Top 10 Benefits of Virtualization
Virtualization has taken a firm hold at most enterprises these days, but the fact is we've only just begun to unleash the true potential of the technology.
Listening to Informatica's virtual forum and a corresponding TweetJam yesterday, you couldn't help but be impressed with data virtualization. I only managed to hear one of the forum's three hours, but I caught Forrester Research analyst Noel Yuhanna's discussion of the business benefits of data virtualization.
Data virtualization is key to integrating the "many houses of data" that plague enterprises, Yuhanna said, whether that silo is a legacy app or a mobile device. There are a number of use cases, but 15-20 percent involve that ever-allusive "single version of the truth," he said. Data virtualization can support it because it integrates with MDM. Data quality and governance are also given a boost by virtualization technology, he said, adding that security is a key driver for data virtualization, although it seems security experts aren't sold on that.
Not only that, but data virtualization can solve your cloud integration troubles, support integration of structured and semi-structured data, speed up your data delivery thanks to caching ("Ever wonder why Google is faster than your internal ERP," challenged Yuhanna) and, of course, it integrates with Big Data solutions like Hadoop and MapReduce.
It's also fast to implement - we're talking weeks to months instead of months to years - and provides a quick ROI. In some cases, Yuhanna shared, his clients have reported ROIs in under six months. And - here's the best part - it's doing all that in real- or near-real-time. That's actually a key component of Forrester's definition of data virtualization, according to his slide presentation:
Data virtualization is process of integrating data from many disparate sources in real-time or near real-time to support various business requirements. It involves integrating, transforming and delivering data as a service to support applications and processes.
Great at integration, quick ROI, speeds up delivery of data, improves data quality AND real-time-how could I not be impressed?
Hearing his litany of data virtualization benefits, I couldn't help but think, "What are drawbacks of data virtualization? When should you NOT use it?" Because we know there's always a trade-off, right? There's use cases, and then there are the much less-discussed "Do Not Use" cases. So, what's the deal with data virtualization, I wondered. Where does it fall from grace?
One thing I've read on Twitter is that it can cause problems in update scenarios, which one would think could create problems with real-time situations if you need the information to flow two ways.

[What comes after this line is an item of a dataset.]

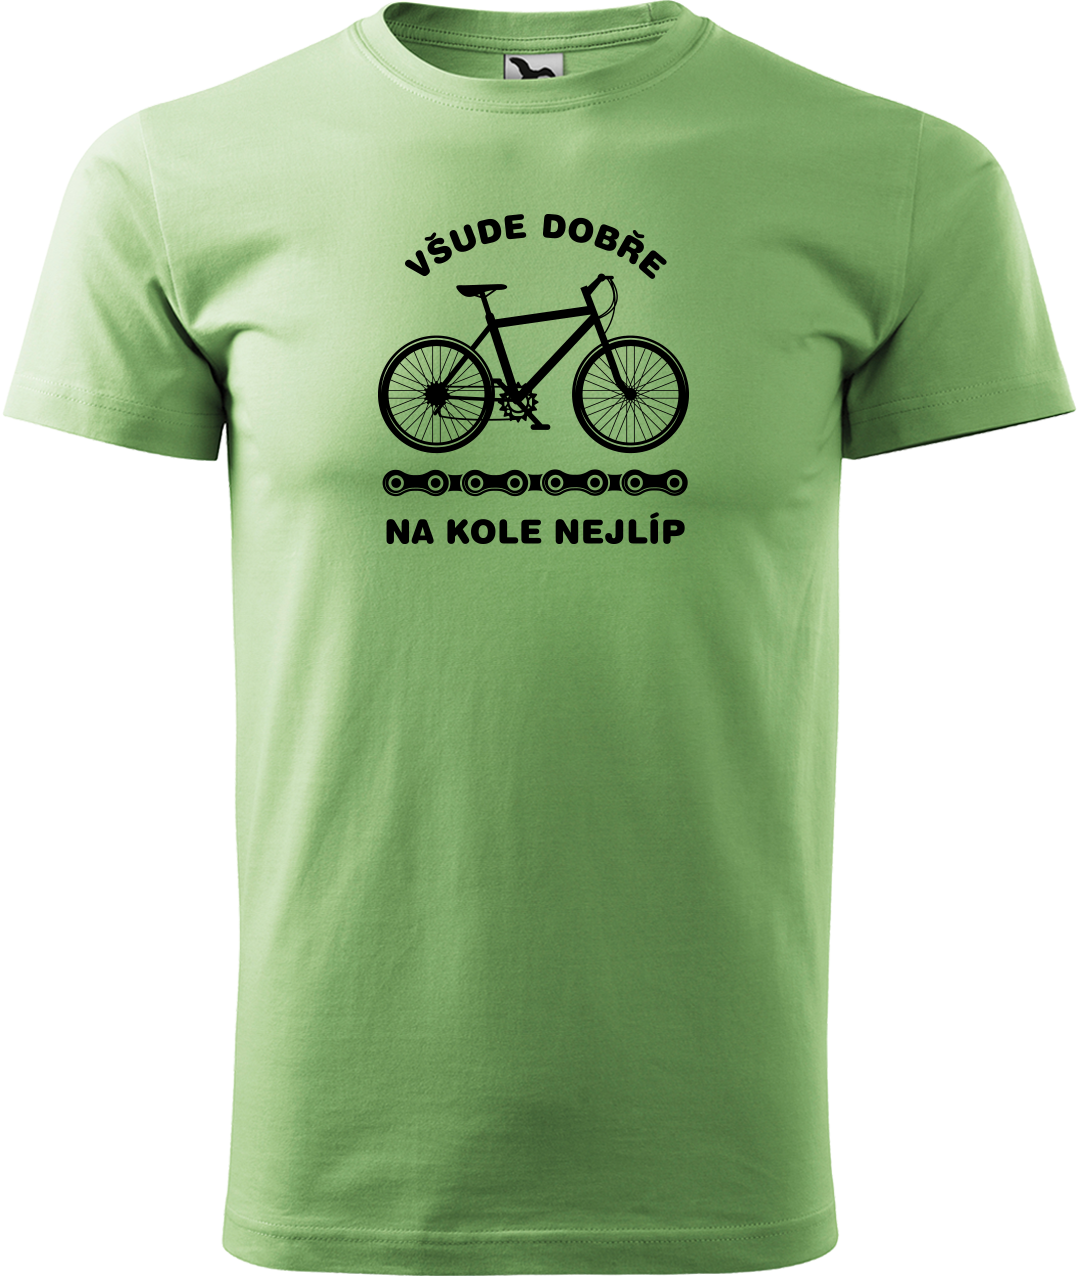 Pánské tričko s kolem - Všude dobře, na kole nejlíp Velikost: XL, Barva: Trávově zelená (39)
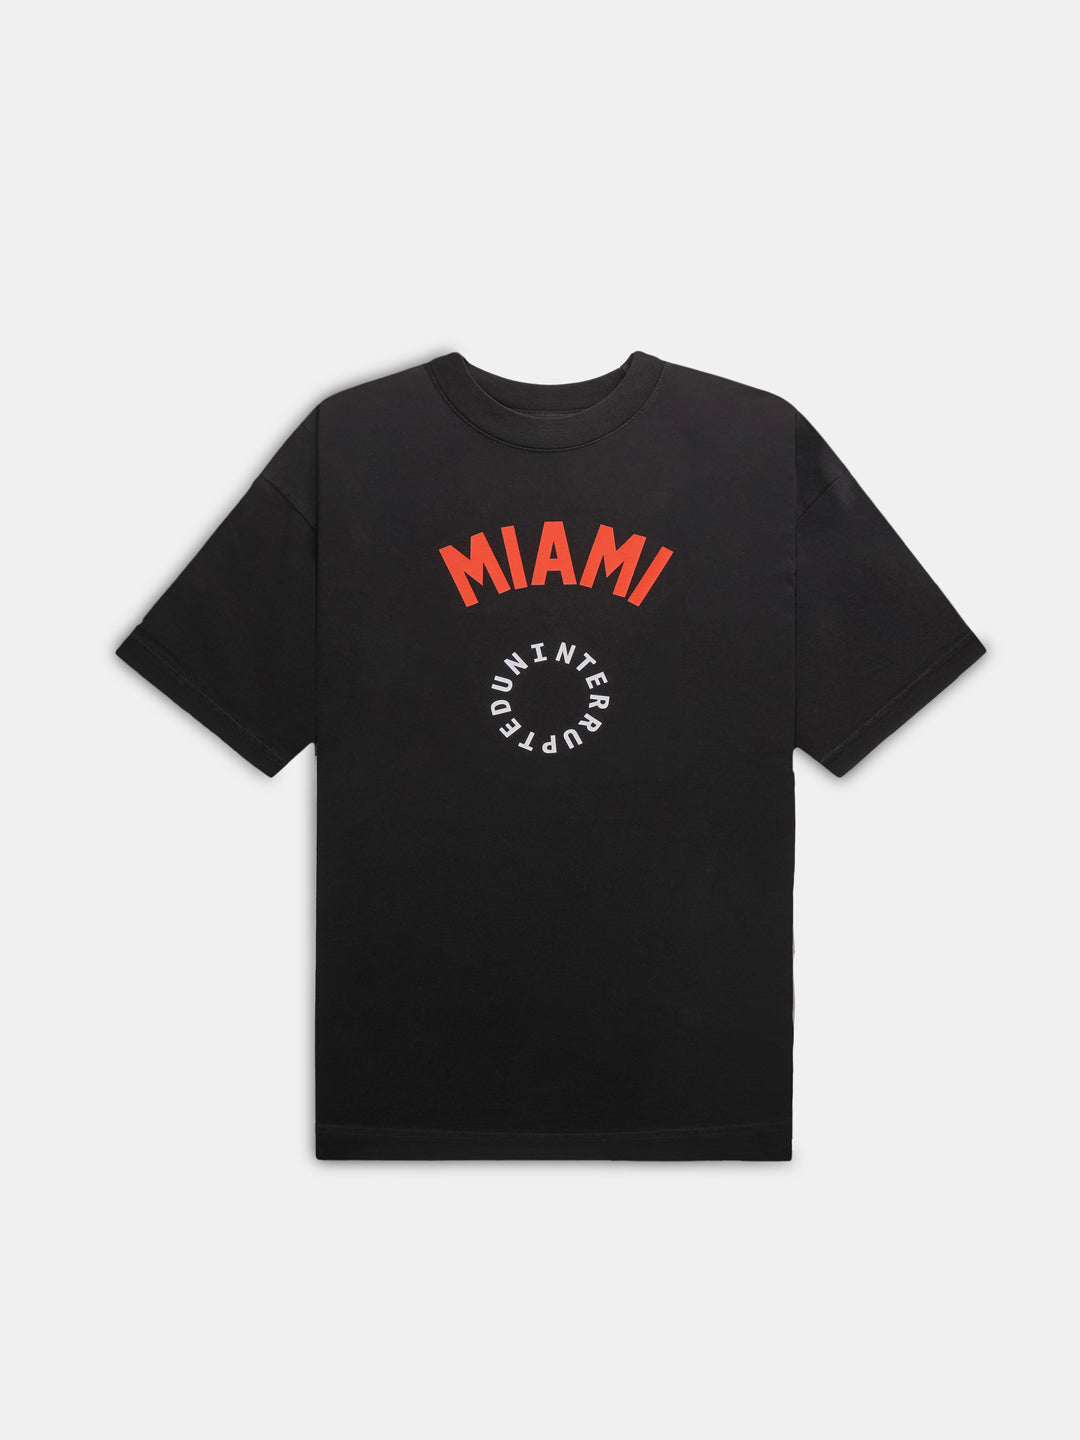 Miami Circle Logo Tee Black- front

I guess it depends by what your real-time demands are. Back in 2007, I asked Composite Software Vice President of Product Marketing Peter Tran about the use and non-use cases for data virtualization. He pointed out Pfizer has used it successfully for real-time data, but added there are times when the old tools work best:
Data warehouses have been around for 20 years and they'll be around for another 20 years at least. And in those cases where you need time series analysis, historical analysis, where you actually have to capture information that's historical - what happened yesterday, what happened two weeks ago - and analyze it, data warehouses are best.
Dick Weisinger wrote about the challenges of data virtualization on Formteck's blog not long ago. He quoted Ian Watts, senior technical manager of BT Americas, on the drawbacks:
Virtualization is a bean counter's dream, but it can be an operational nightmare. Change management is a huge overhead, as any changes need to be accepted by all applications and users sharing the same virtualization kit. While many organizations are seeing benefits from virtualization, such as reduced hardware spending and improved server utilization, these benefits often get overshadowed by the lack of productivity improvements in data center staffing and operations.
There are also what I would call "expectation challenges" that arise from misunderstandings about the technology. Blue Mountain Labs CTO and data/SOA/cloud expert David Linthicum, who actually participated in yesterday's forum, pointed out recently that companies wrongly believe data virtualization handles integration. I can certainly see where they'd get that idea, but Linthicum says that's a myth:
For some reason there are those who sell virtualization software and cloud computing enablement platforms who imply that data integration is something that comes along for the ride. However, nothing gets less complex and data integration still needs to occur between the virtualized data stores as if they existed on their own machines. They are still storing data in different physical data structures, and the data must be moved or copied, and the difference with the physical data structures dealt with, as well as data quality, data integrity, data validation, data cleaning, etc.
Again, I point out that I didn't participate in the entire three hours, so maybe the panel did discuss the shortcomings and "myth-conceptions" surrounding data virtualization. And from what I've read and heard, data virtualization seems like a smart approach for many use cases - particularly for handling data in a service-oriented space like the cloud or SOA. But it's worth keeping in mind that while data virtualization (aka, data services) may be the future of managing data, it's not without its challenges.